Fig. 5Effects of combinatorial 5′ UTRs on GFP expression in various cell lines.
a We constructed six distinct 5′ UTR combinations by combining different pairwise permutations of the three validated 5′ UTR candidates with a CAACAA linker between them, and then inserted these combinations into the pVAX1-GFP plasmid directly upstream of the Kozak sequence. b GFP expression from the 5′ UTR combinations on GFP expression in HEK 293T cells. Statistical differences between groups were analyzed by ordinary one-way ANOVA with 95% confidence interval. The relative protein expression was normalized to that from the pVAX1-GFP plasmid, set as 100 (%) and highlighted as a gray dotted line. Data are presented as mean values ± SD for three biological replicates. The p-values for CoNeoUTR2-1, CoNeoUTR3-1, CoNeoUTR1-2, CoNeoUTR3-2, CoNeoUTR1-3, and CoNeoUTR2-3 vs pVAX1 are 0.0025, <0.0001, <0.0001, <0.0001, <0.0001, and <0.0001. c Test of the single and combinatorial 5′ UTRs on GFP expression in various cell lines. Source data are provided as a Source data file. Statistical differences between groups were analyzed by two-way ANOVA with 95% confidence interval. Dunnett test was performed to correct for multiple comparisons in ANOVA post-hoc analysis. The relative protein expression was normalized to that from the pVAX1-GFP plasmid, set as 100 (%) and highlighted as a gray dotted line. Data are presented as mean values ± SD for three biological replicates.

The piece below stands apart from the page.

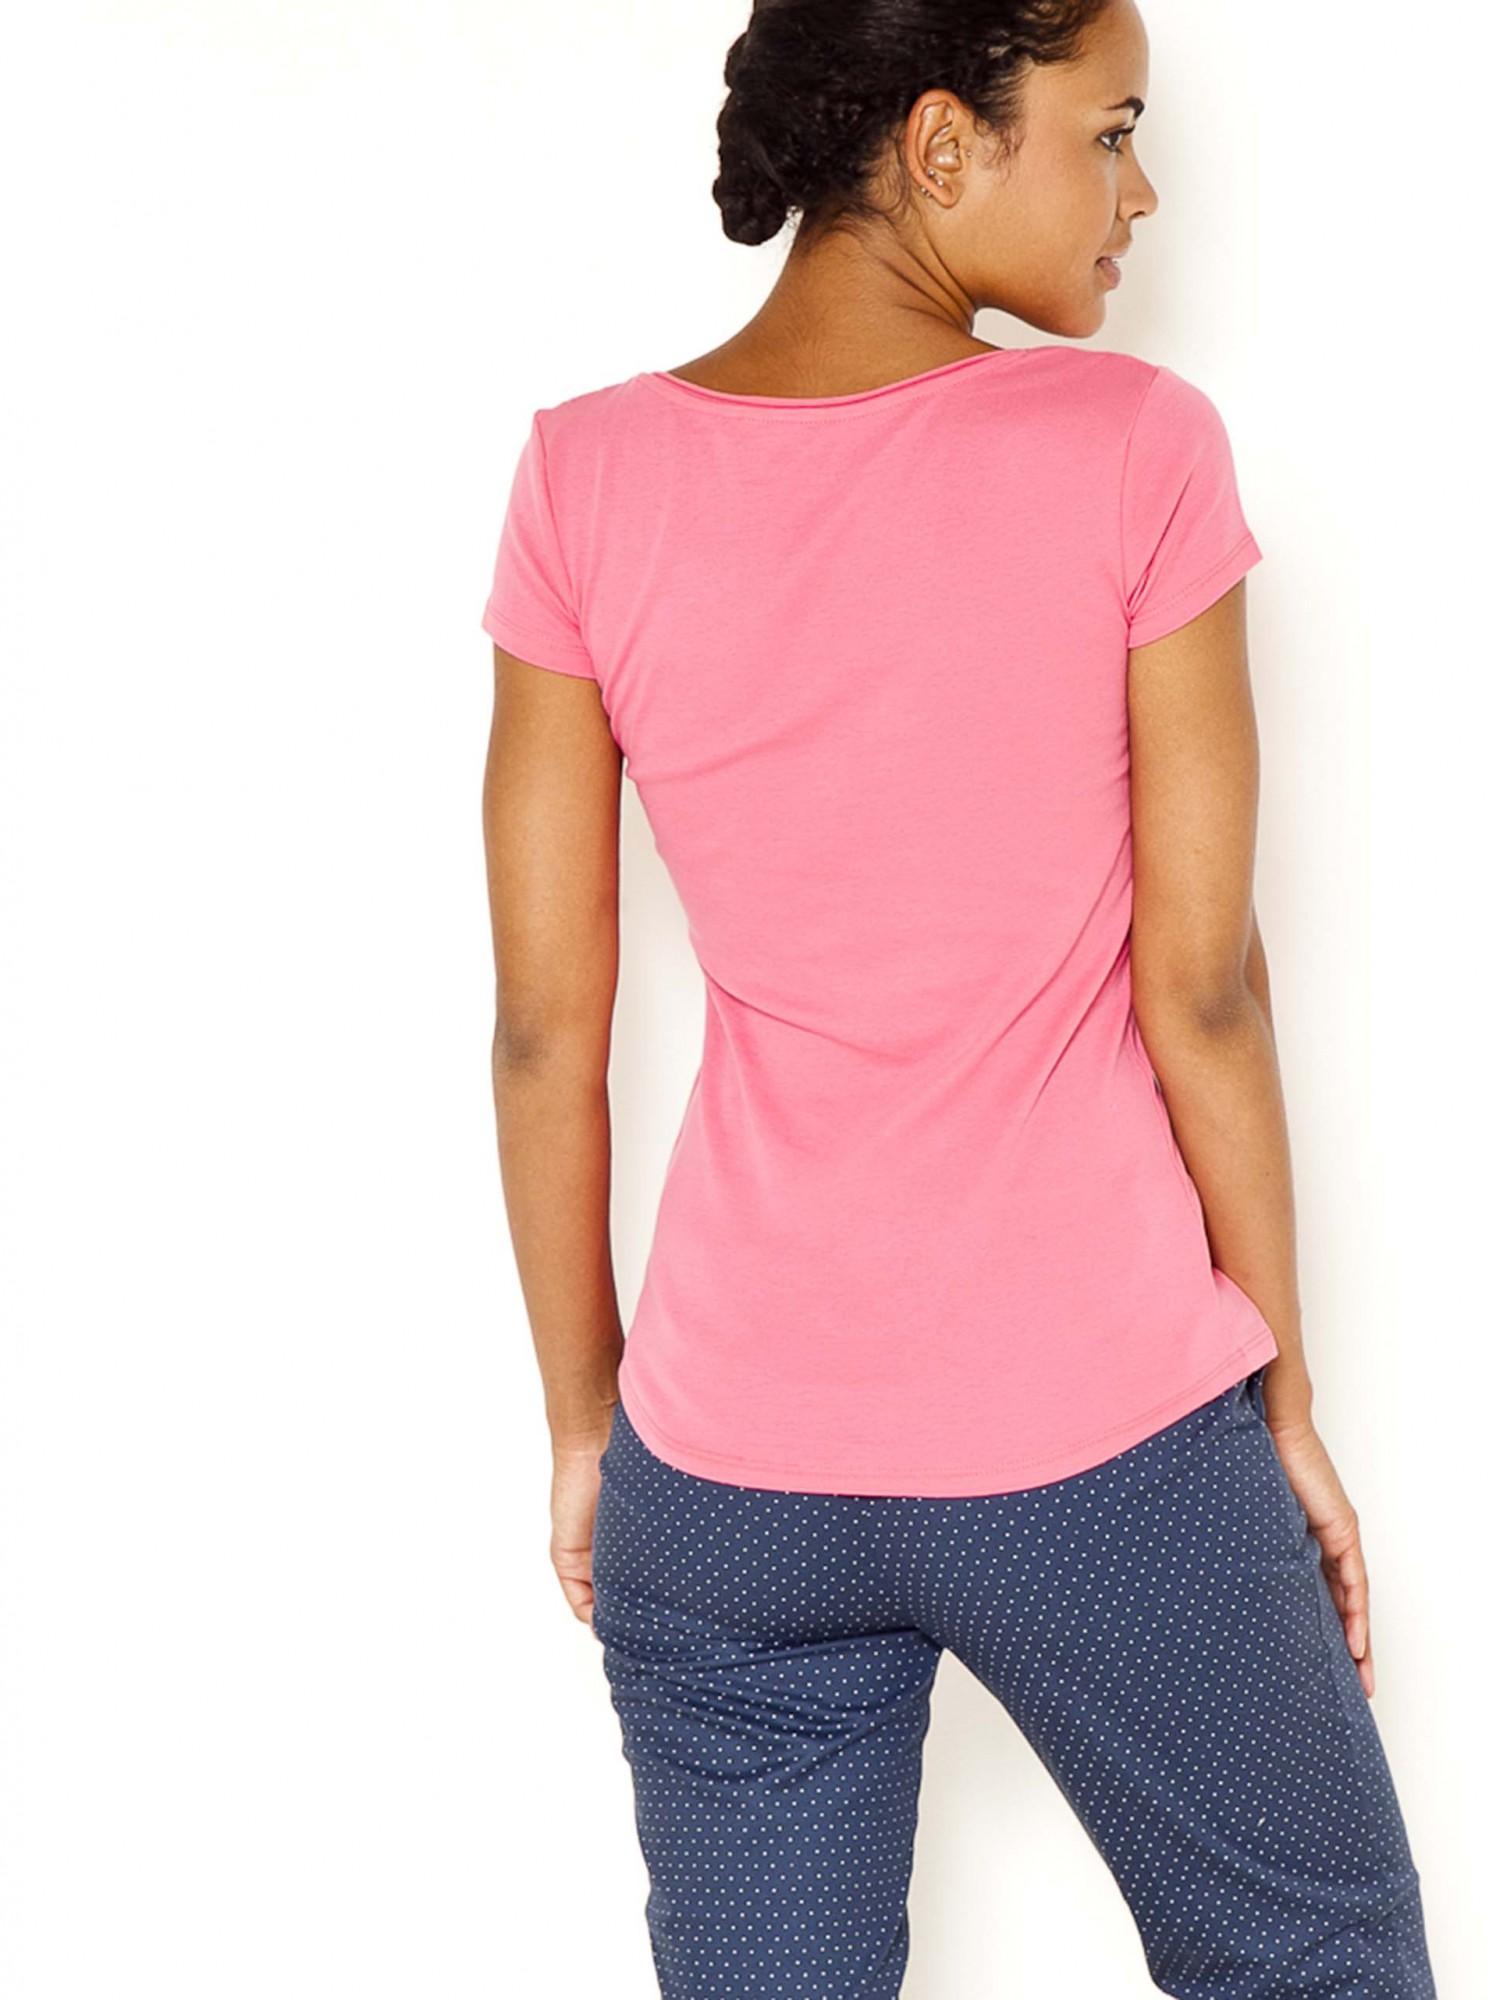 CAMAIEU Women's t-shirt pink

In HEK 293T cell lines, the p-values for NeoUTR1, NeoUTR2, NeoUTR3, CoNeoUTR2-1, CoNeoUTR3-1, CoNeoUTR1-2, CoNeoUTR3-2, CoNeoUTR1-3, and CoNeoUTR2-3 vs pVAX1 are <0.0001, <0.0001, <0.0001, 0.0002, <0.0001, <0.0001, <0.0001, <0.0001, and <0.0001. In RD cell lines, the p-values for NeoUTR1, NeoUTR2, NeoUTR3, CoNeoUTR2-1, CoNeoUTR3-1, CoNeoUTR1-2, CoNeoUTR3-2, CoNeoUTR1-3, and CoNeoUTR2-3 vs pVAX1 are <0.0001, <0.0001, 0.0055, 0.5989, 0.0836, 0.1336, <0.0001, 0.0549, and <0.0001. In MCF cell lines, the p-values for NeoUTR1, NeoUTR2, NeoUTR3, CoNeoUTR2-1, CoNeoUTR3-1, CoNeoUTR1-2, CoNeoUTR3-2, CoNeoUTR1-3, and CoNeoUTR2-3 vs pVAX1 are 0.0042, <0.0001, <0.0001, 0.3513, 0.9132, <0.0001, <0.0001, 0.0002, and <0.0001. In C2C12 cell lines, the p-values for NeoUTR1, NeoUTR2, NeoUTR3, CoNeoUTR2-1, CoNeoUTR3-1, CoNeoUTR1-2, CoNeoUTR3-2, CoNeoUTR1-3, and CoNeoUTR2-3 vs pVAX1 are <0.0001, 0.0042, 0.0306, 0.9997, 0.0089, <0.0001, <0.0001, <0.0001, and <0.0001. (*p < 0.05; **p < 0.01; ***p < 0.001; ****p < 0.0001 vs pVAX1).